Judgement bias can be measured in animals by training them to discriminate between two stimuli: one predicting a positive outcome and the other predicting a negative or less positive outcome (Mendl et al. 2009; Roelofs et al. 2016). Animals are trained to display a specific behaviour in response to each of these cues. After successful discrimination training, the animal is presented with ambiguous stimuli, often with qualities intermediate between the positive and negative cues. Then, the behavioural responses to the ambiguous stimuli are taken to indicate an animal’s expectation of the positive or negative outcome (Mendl et al. 2009).

We have developed an active choice task to assess judgement bias in pigs (Murphy et al. 2013a, b, 2015; Roelofs et al. 2017). Prior to judgement bias testing, pigs are trained in an audio-spatial conditional discrimination task. Tone-cues of different frequencies are used as positive and negative stimuli, predicting the presence of either a large food reward (positive outcome) or a small food reward (negative outcome) in a left or right goal-box.
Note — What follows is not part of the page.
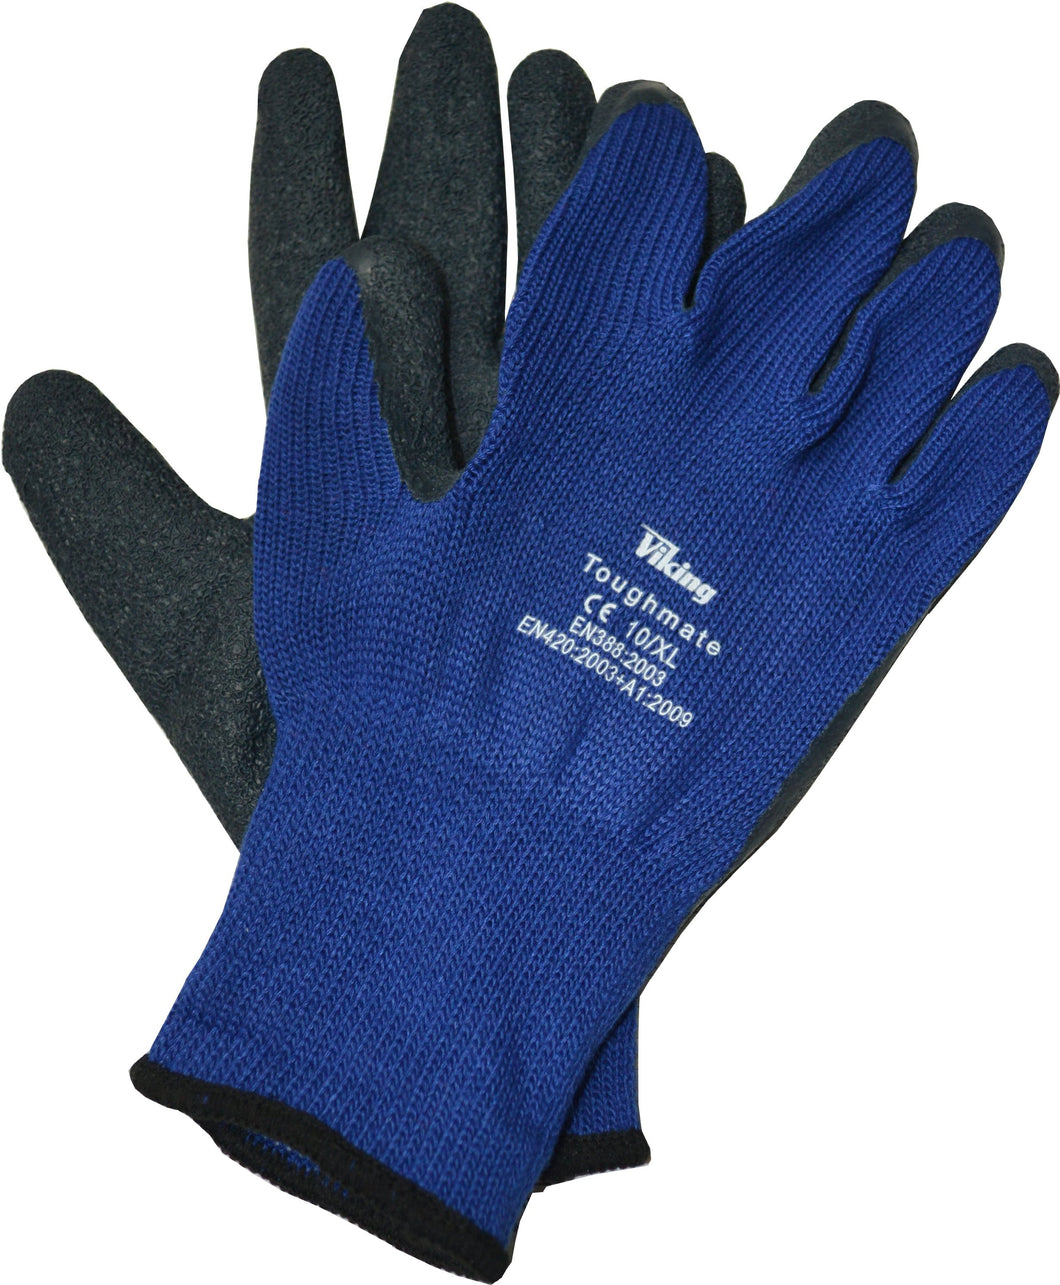 Tough Mate Gloves - 12 Pair Pack XX-Large Viking

Put simply, the pigs need to learn: if the positive tone-cue, predicting a large reward, is presented, go to the left goal-box; if the negative tone-cue, predicting a small reward, is presented, go to the right goal-box (Murphy et al. 2013a). Once pigs reach a predefined criterion level of performance on the conditional discrimination task, a series of ambiguous tone-cues is presented, of intermediate frequencies between the previously trained tones. Responses indicating expectation of the large reward (i.e. approaches to the ‘positive’ goal-box) are considered optimistic responses and recorded as a measure of judgement bias.
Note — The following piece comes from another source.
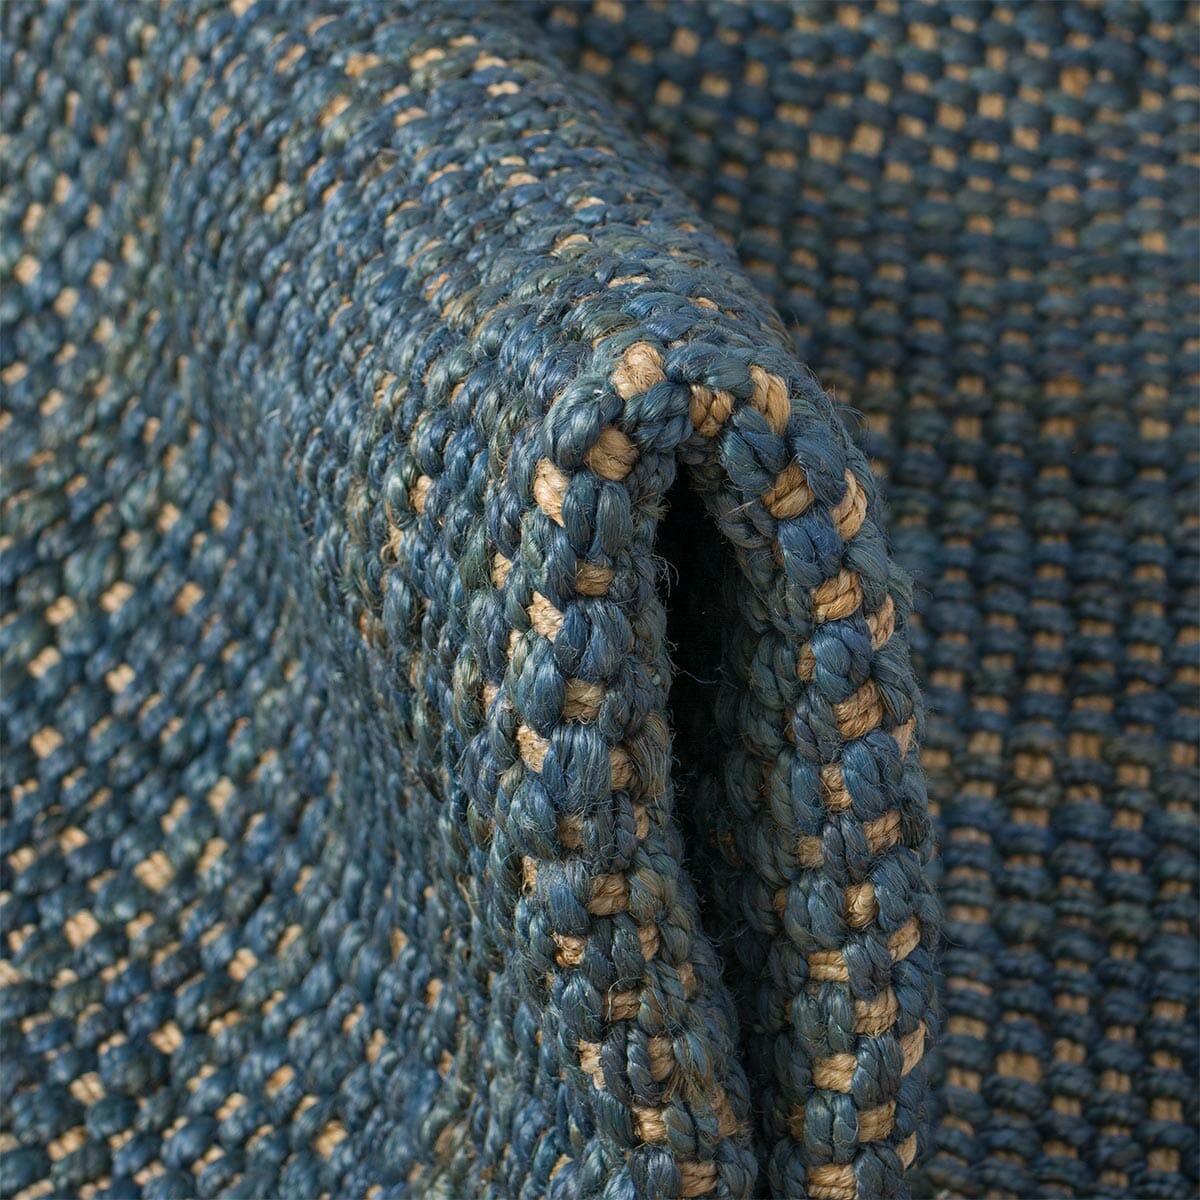 שטיח תמר אריגה גסה 06 כחול/בז' עגול | השטיח האדום

Spatial holeboard tasks have been established as valid instruments in cognitive research as they allow measuring multiple facets of cognition simultaneously in one test (van der Staay et al. 2012). The holeboard is a free choice maze for assessing spatial learning and memory. It contains a number of ‘holes’, potential reward locations, of which only a subset is baited. An animal can search freely for the baited holes within a certain time period. The holeboard allows for the assessment of both working memory and reference memory. Working memory is a short-term memory that contains information which is only relevant within a testing trial (Dudchenko 2004). In the holeboard, working memory allows animals to remember which holes have already been visited during a trial, so unrewarded revisits of holes are avoided. This information is no longer relevant once the trial has ended (Dudchenko 2004; van der Staay et al. 2012). Reference memory is a long-term memory that contains ‘the general rules of a task’ (van der Staay et al. 2012, p. 383). This information remains relevant across trials. In the holeboard, reference memory allows animals to remember which subset of holes is baited.
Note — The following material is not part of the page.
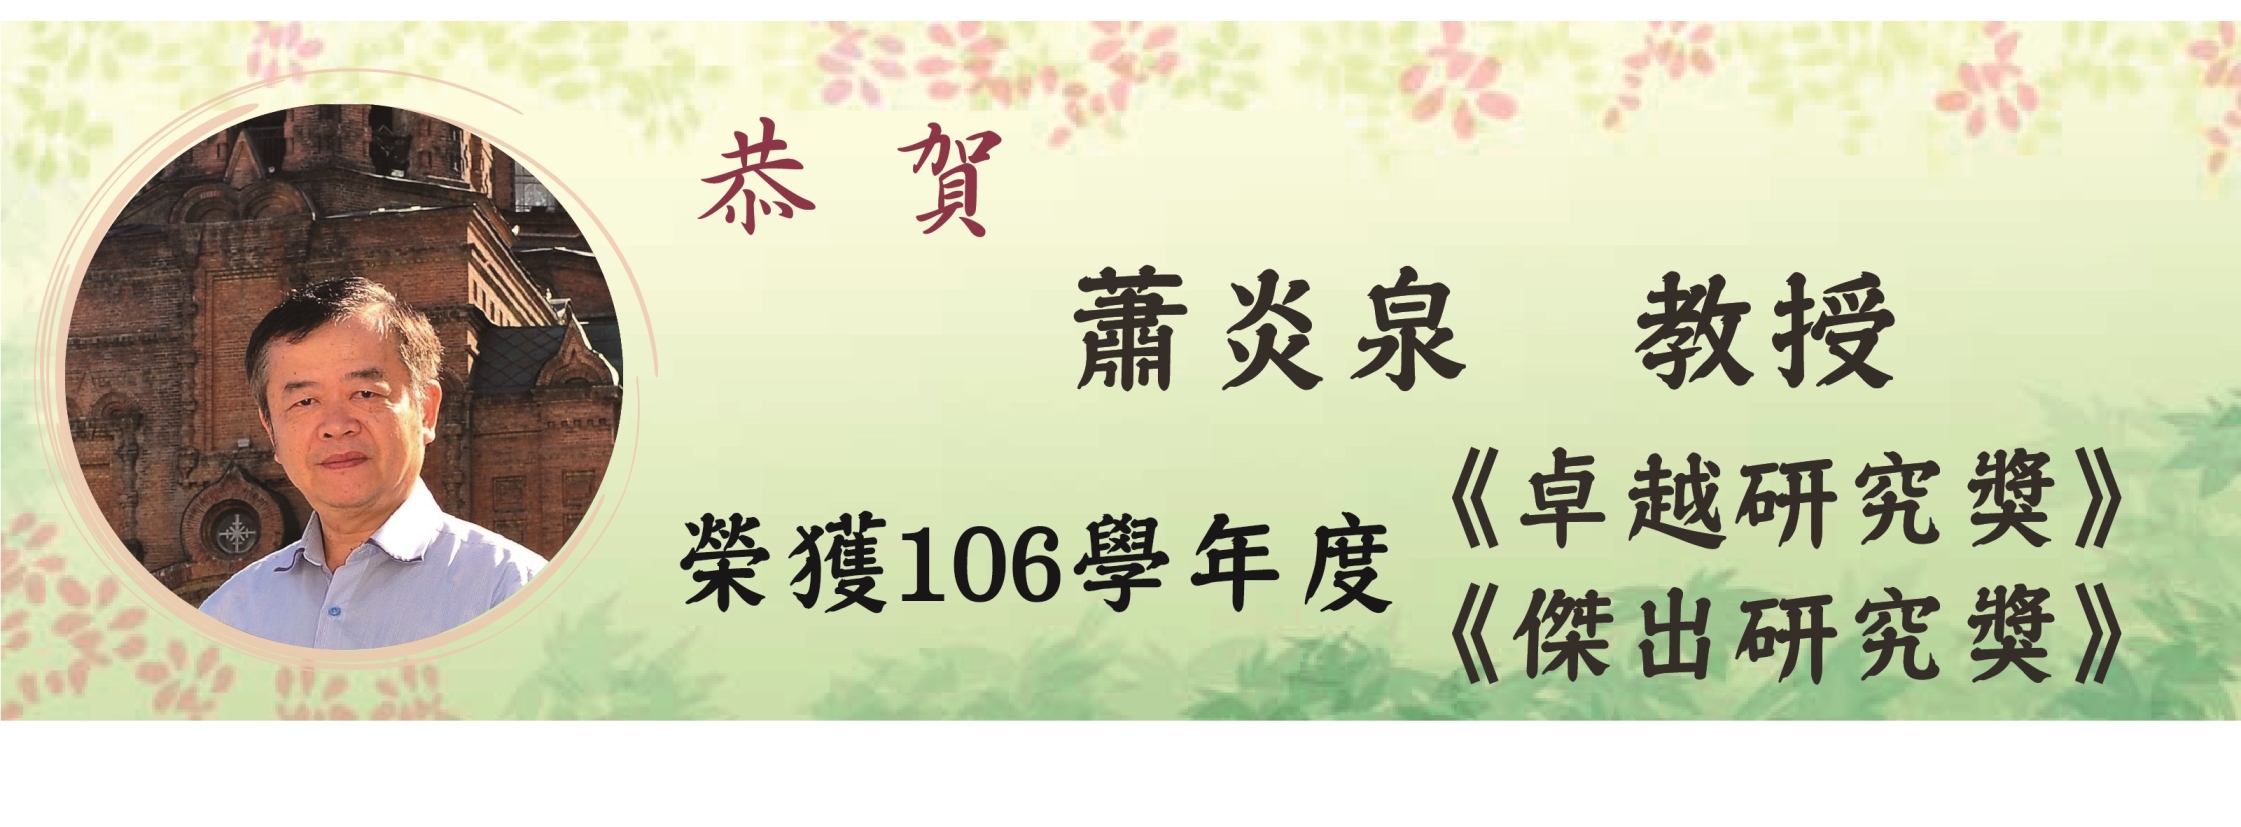 106學年度-蕭炎泉副教授-榮獲【卓越研究獎】【傑出研究獎】

The holeboard task was first adapted for use with pigs by Arts et al. (2009), who found that it was suitable for measuring spatial learning in this species. Further studies have validated the suitability of the holeboard for simultaneous measurement of task-specific reference memory and trial-specific working memory in pigs (Gieling et al. 2012, 2013, 2014; Bolhuis et al. 2013; Haagensen et al. 2013a, b; Antonides et al. 2015; Fijn et al. 2016; Roelofs et al. 2017).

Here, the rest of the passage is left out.